§ **TASK STATEMENT**:
An exact copy of the listing below is the answer, with the pictures removed.

§ **DATA SEGMENT**:
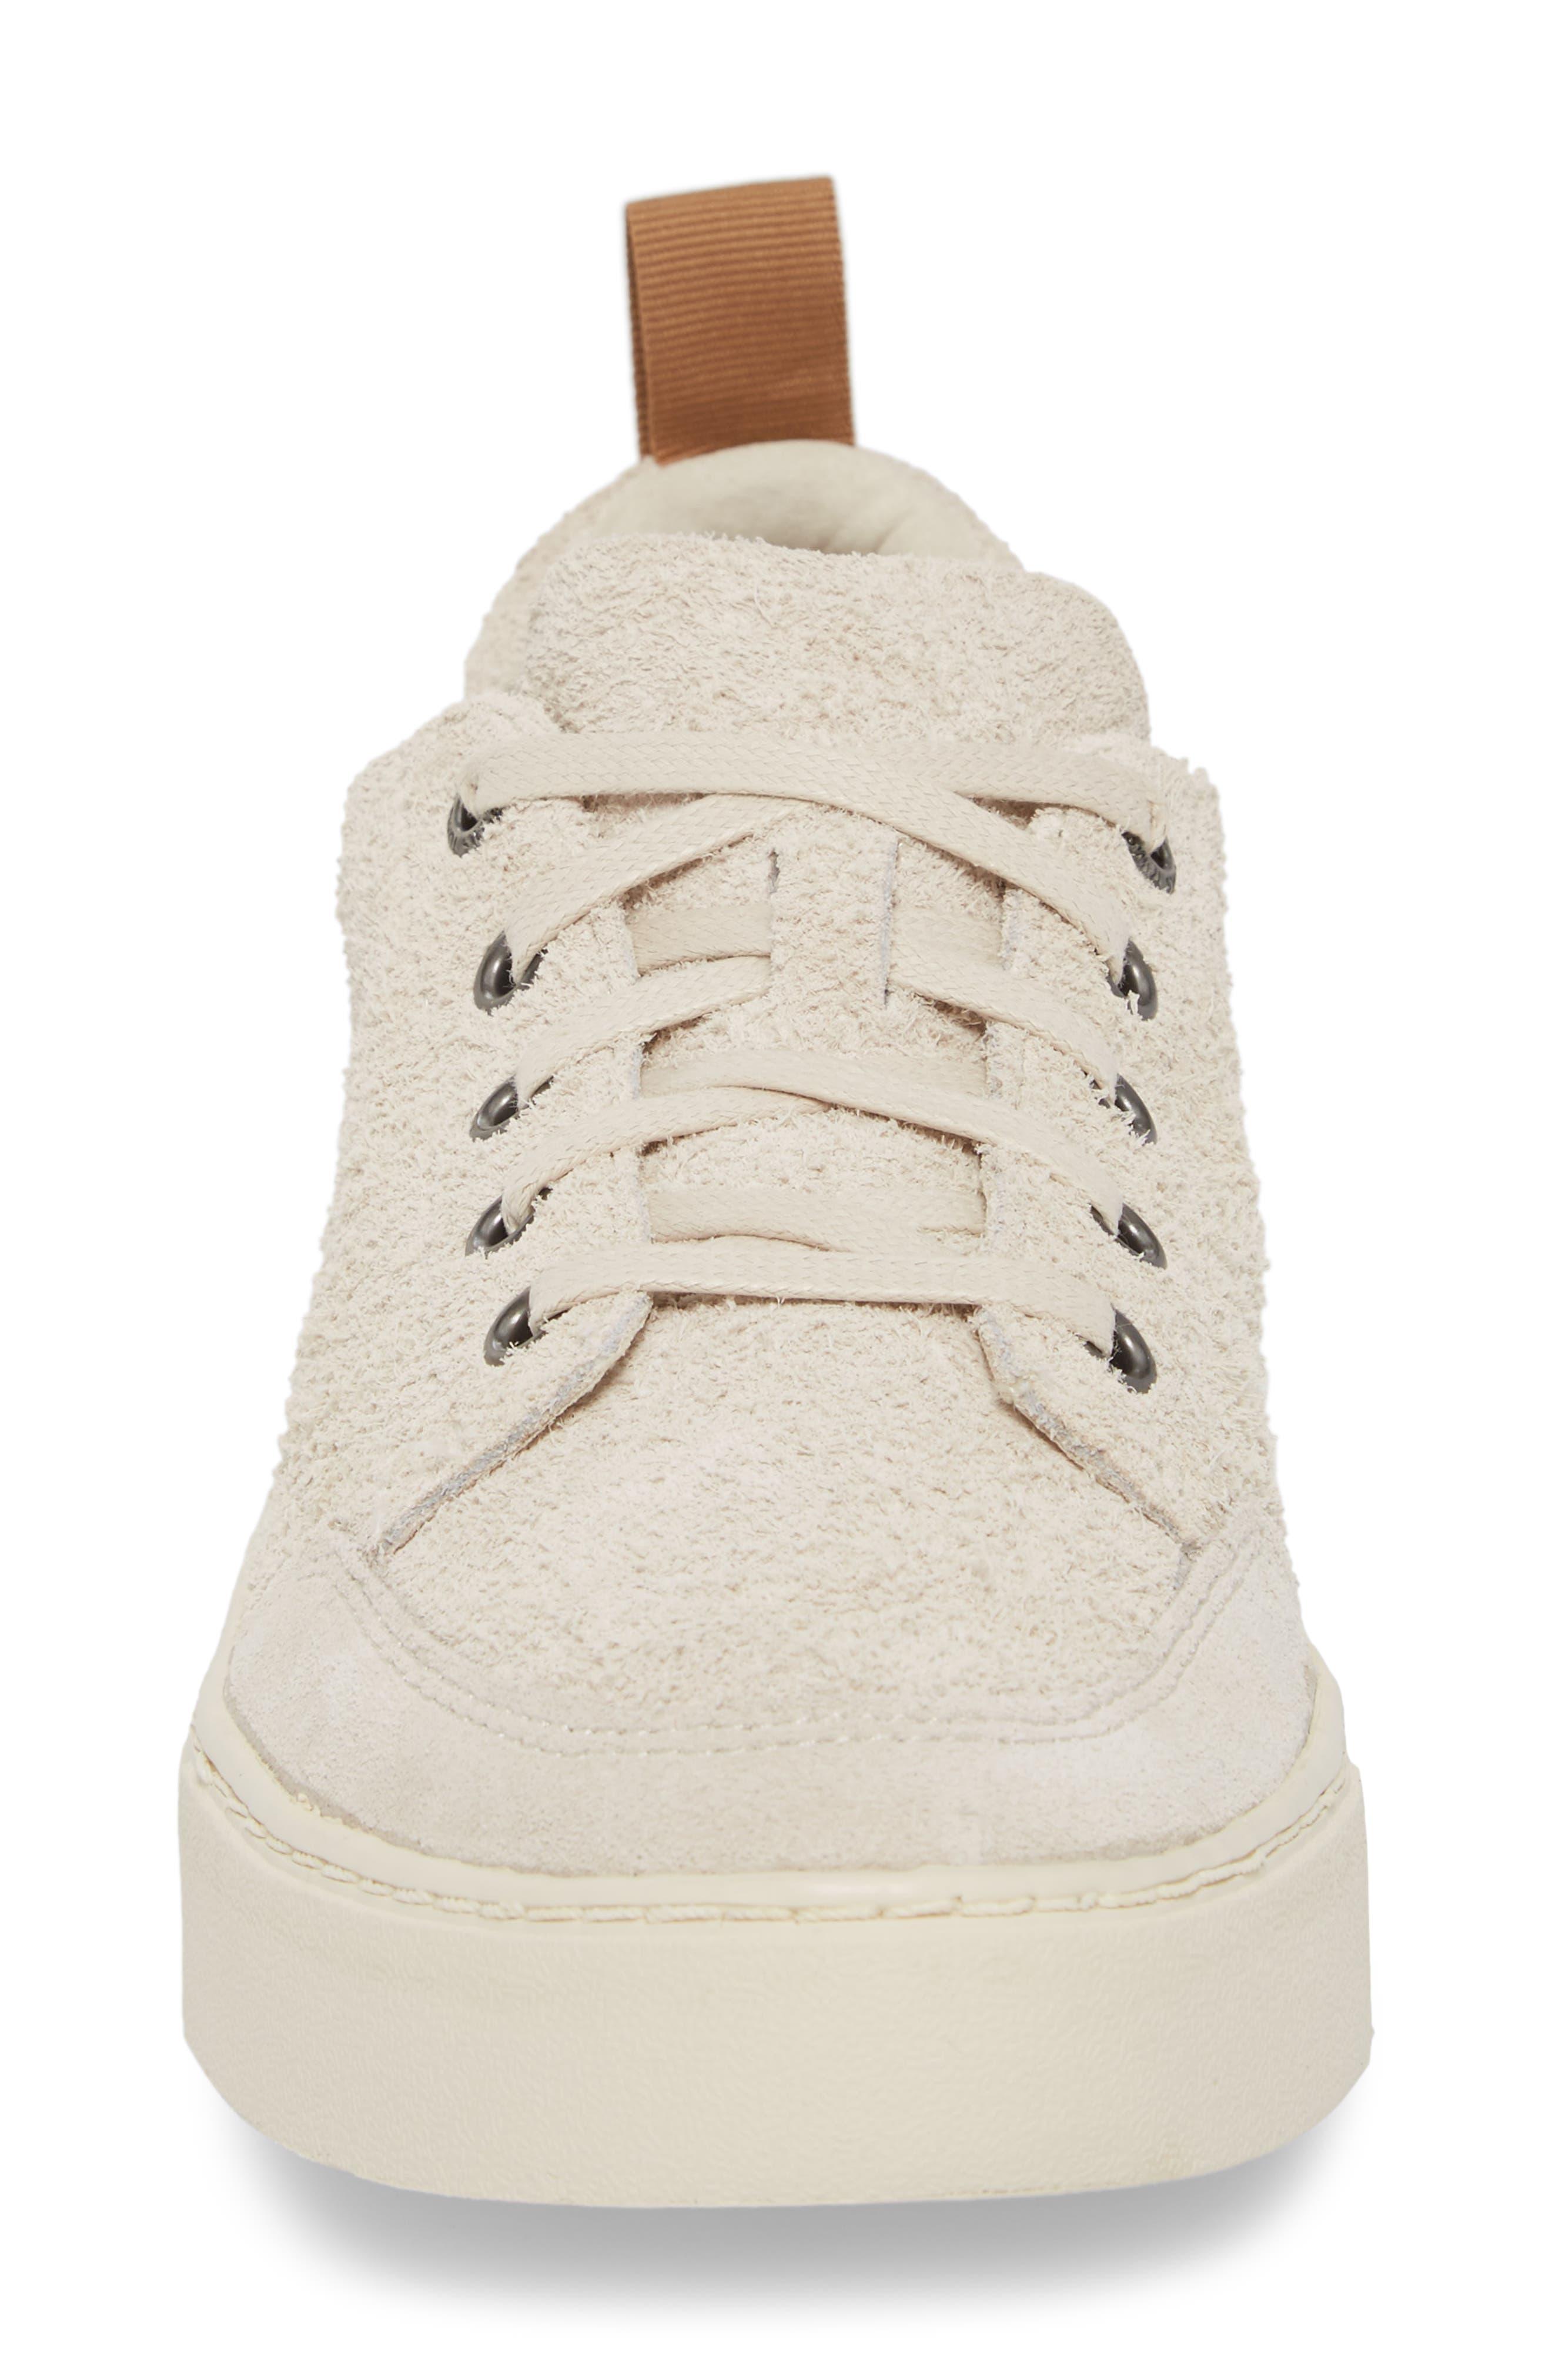 Landen Sneaker,                             Alternate thumbnail 4, color,                             BIRCH SHAGGY SUEDE
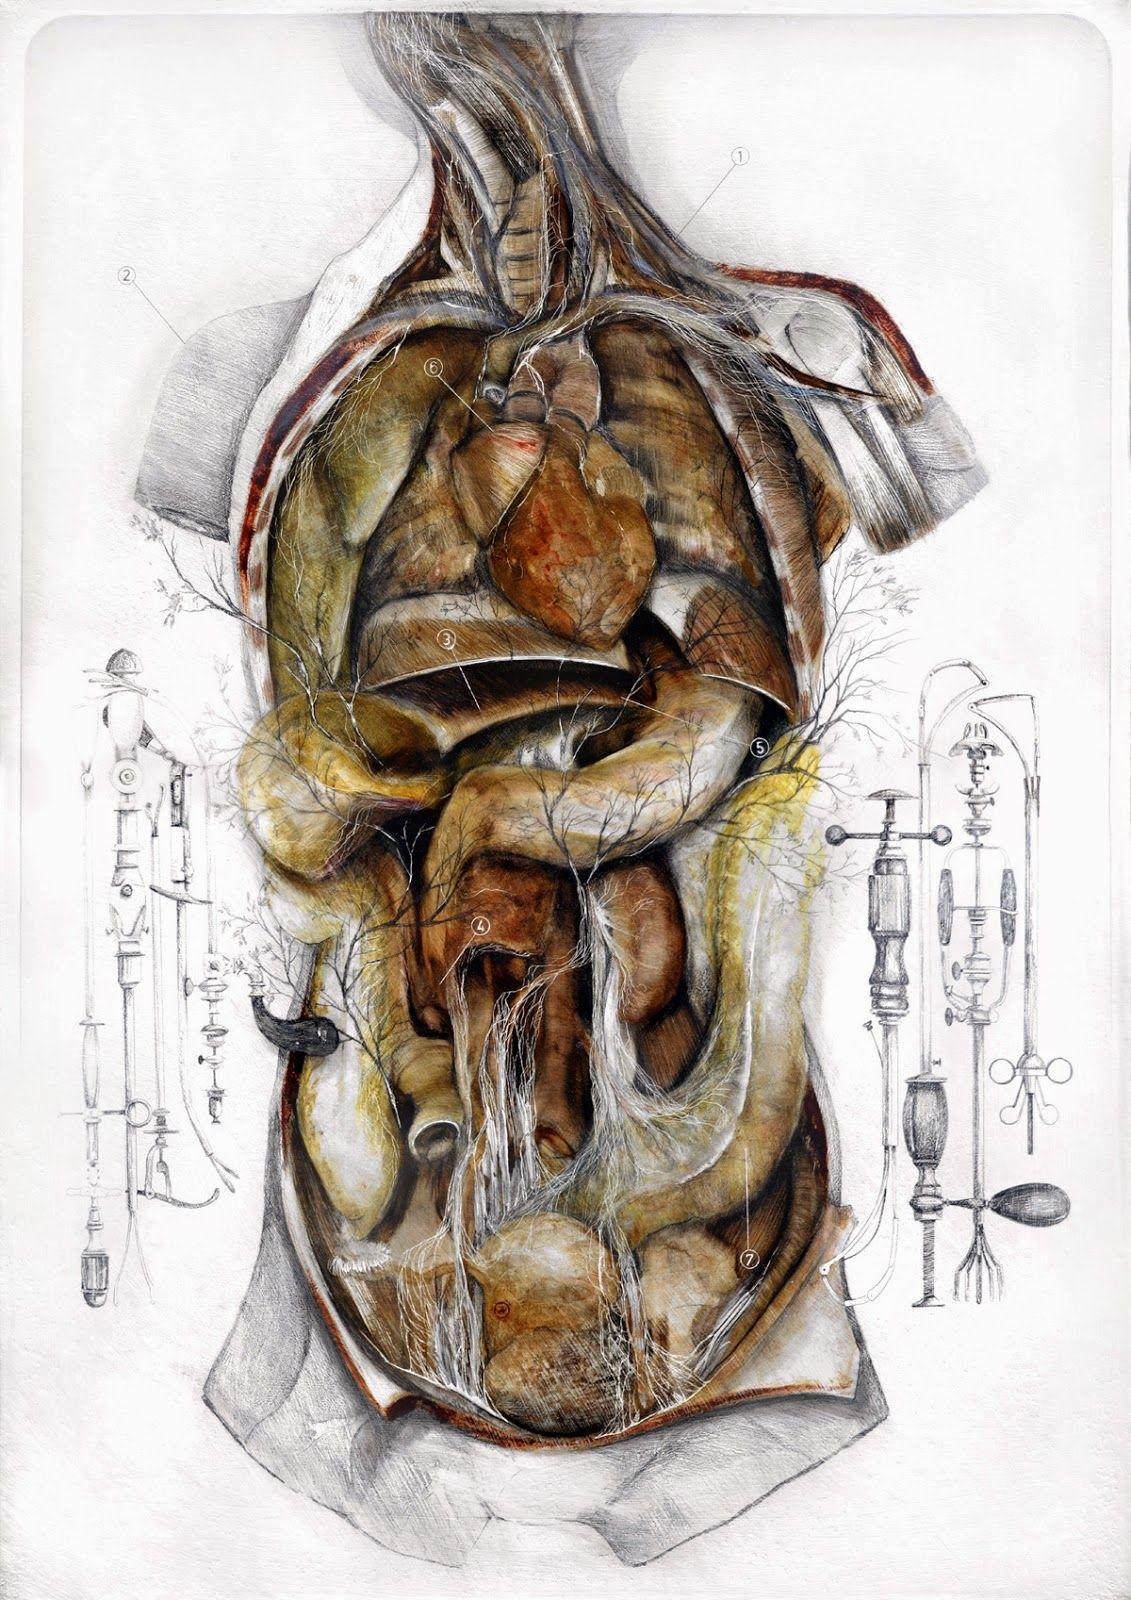 Anatomy of a Shrub || Nunzio Paci | Art and Life | Pinterest
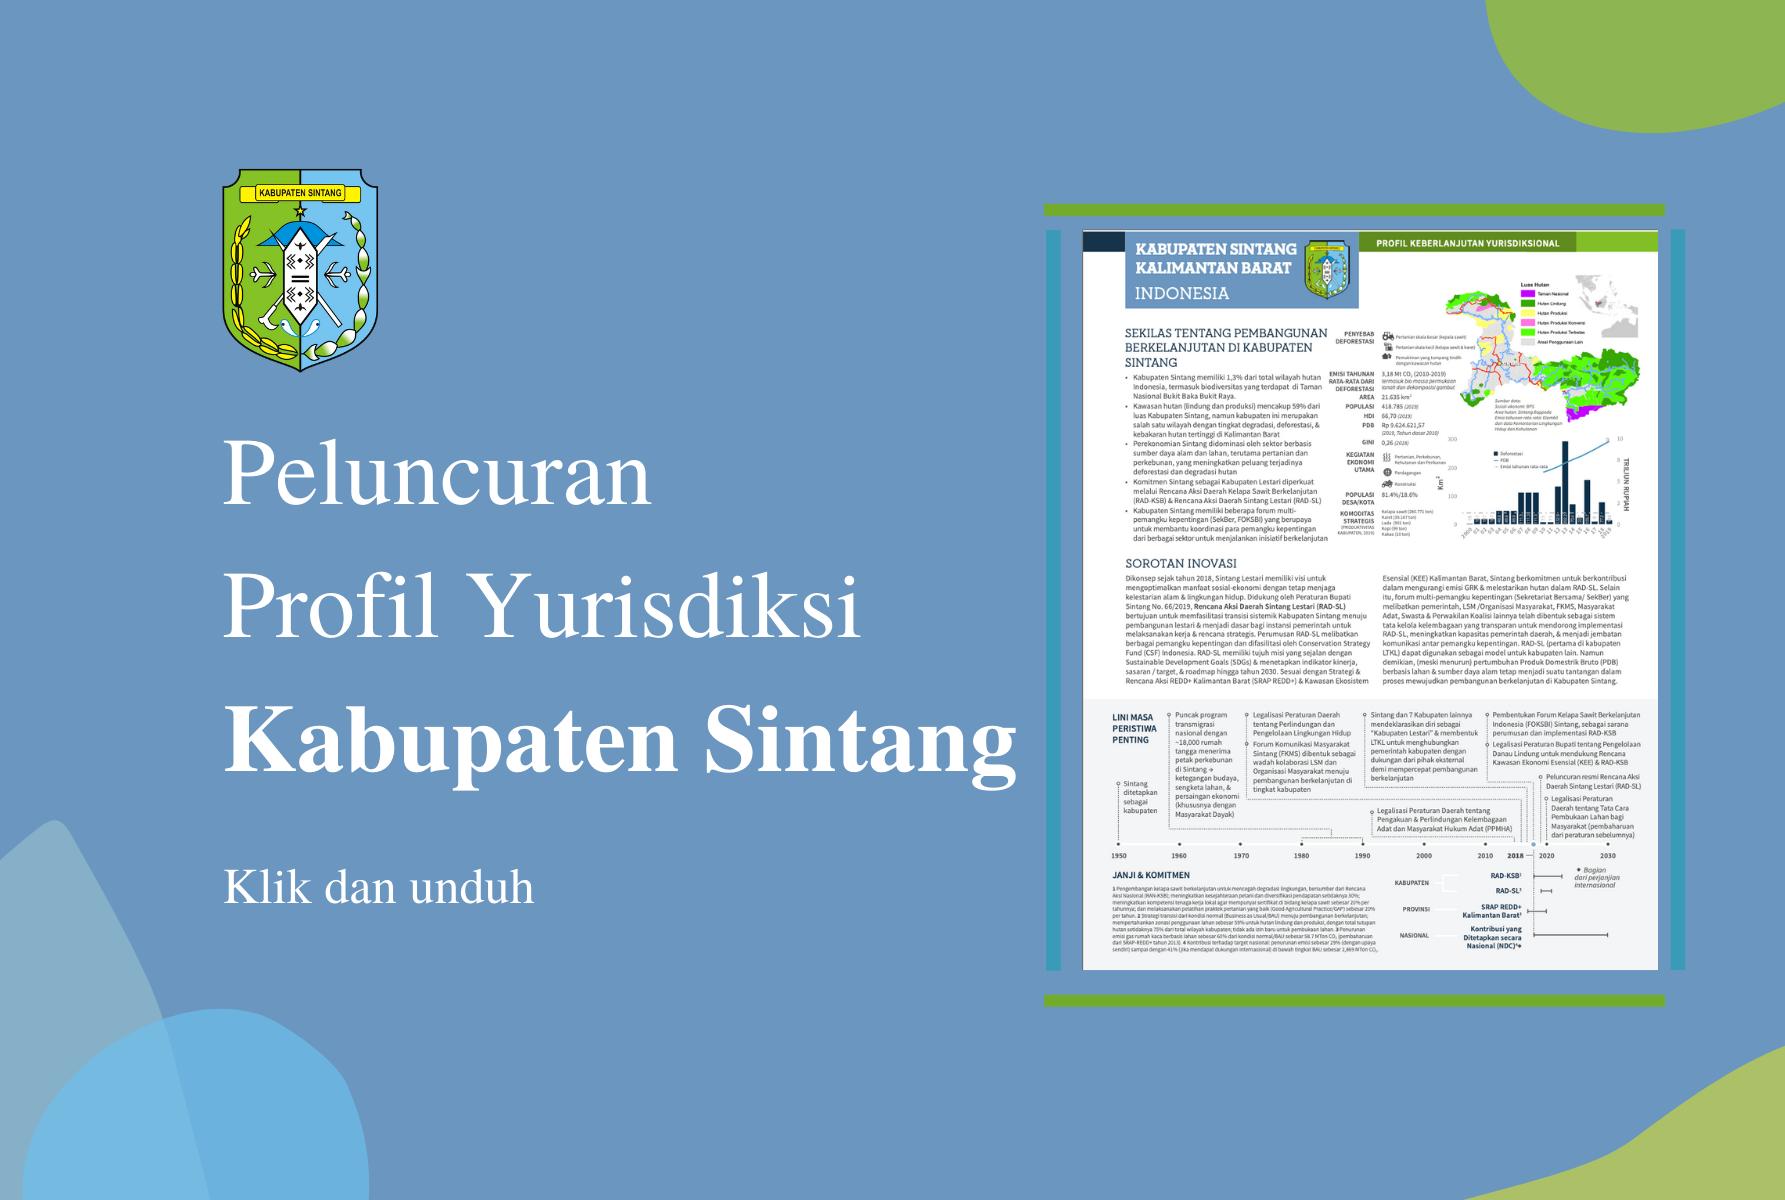 Peluncuran Profil Yurisdiksi Kabupaten Sintang

§ **SOLVED EXERCISE**:
 Landen Sneaker,                             Alternate thumbnail 4, color,                             BIRCH SHAGGY SUEDE
 Anatomy of a Shrub || Nunzio Paci | Art and Life | Pinterest
 Peluncuran Profil Yurisdiksi Kabupaten Sintang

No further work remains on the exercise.